The Fotron was a camera produced by the Traid Corporation of Glendale, California between 1962 and 1971 and mainly sold door to door. It had a highly unorthodox design and boasted several firsts for a consumer camera, including a built-in electronic flash, built-in motor drive, and drop-in film loading (beating Kodak's popular Instamatic to the market). Other unusual features included push-button exposure and focus controls and an integrated rechargeable battery. The camera used standard 828 rollfilm packaged in a proprietary snap-in cartridge which had to be returned to the company for processing. It was aimed mainly at women, marketed as a "goof-proof" alternative to traditional cameras.

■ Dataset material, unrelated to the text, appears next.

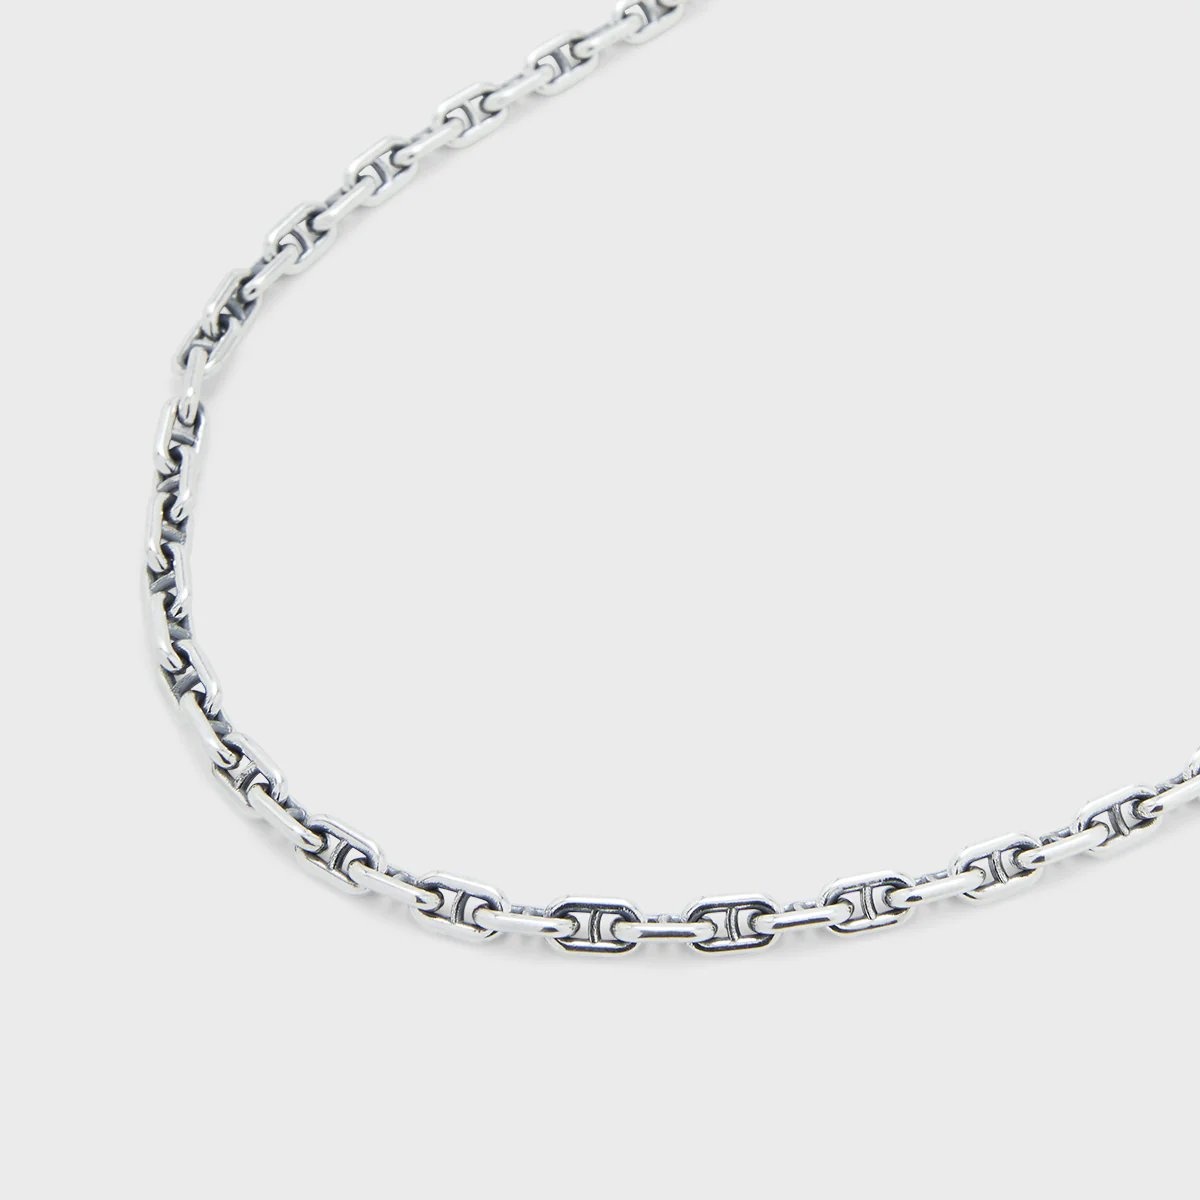 CS-M22-3A24 GOOD ART HLYWD Model 22 Necklace Link Size 3A At 24'' - Sterling Silver - 3

Although innovative, the Fotron was also extremely expensive, unwieldy, and reportedly suffered from poor optical quality. Introduced at a list price of $139.95, by 1971 the camera was selling for $520, plus $3.98 per 10-exposure roll for film and processing. Despite this, Traid claimed the cameras were sold at a loss and only the film processing operation was able to turn a profit. Due to the high price, vendor lock-in of film and processing, and aggressive direct selling techniques used to market the camera, it is often regarded as something of a scam. Traid faced multiple class-action lawsuits brought by Fotron customers and stopped selling the camera in 1971.

==Design==
The Fotron was a large and heavy camera, similar in size to a folded Polaroid Land Camera of the same era. Much of the bulk came from the built-in flash unit and rechargeable battery. Exposure was set by pushing one of two buttons, marked "indoors" and "outdoors" respectively. This also served to turn on the flash circuitry in preparation for taking a picture. The exposure would then be made by choosing from a second set of buttons, labeled with various camera-to-subject distances. This would set the focus accordingly and then trip the shutter and the flash, which fired with every exposure. The film would then be automatically advanced to the next frame.

==Models==
Traid produced three Fotron models, all of which were essentially the same. The original model was simply marked "Fotron" and had a gray plastic housing. The second model, introduced around 1965, had a black housing and a different style of frame counter. The final model was the Fotron III, which was introduced around 1966. It was also black and had a slightly simplified design with two focus buttons instead of three and a different exterior treatment for the flash unit.

==Fraud allegations==
The Fotron was the subject of a class-action suit filed against the Traid Corporation in 1972. The plaintiffs alleged that the Fotron cameras they had purchased were sold for over ten times their actual value and that Traid had misrepresented the product both implicitly and in writing. The outcome of this case is uncertain.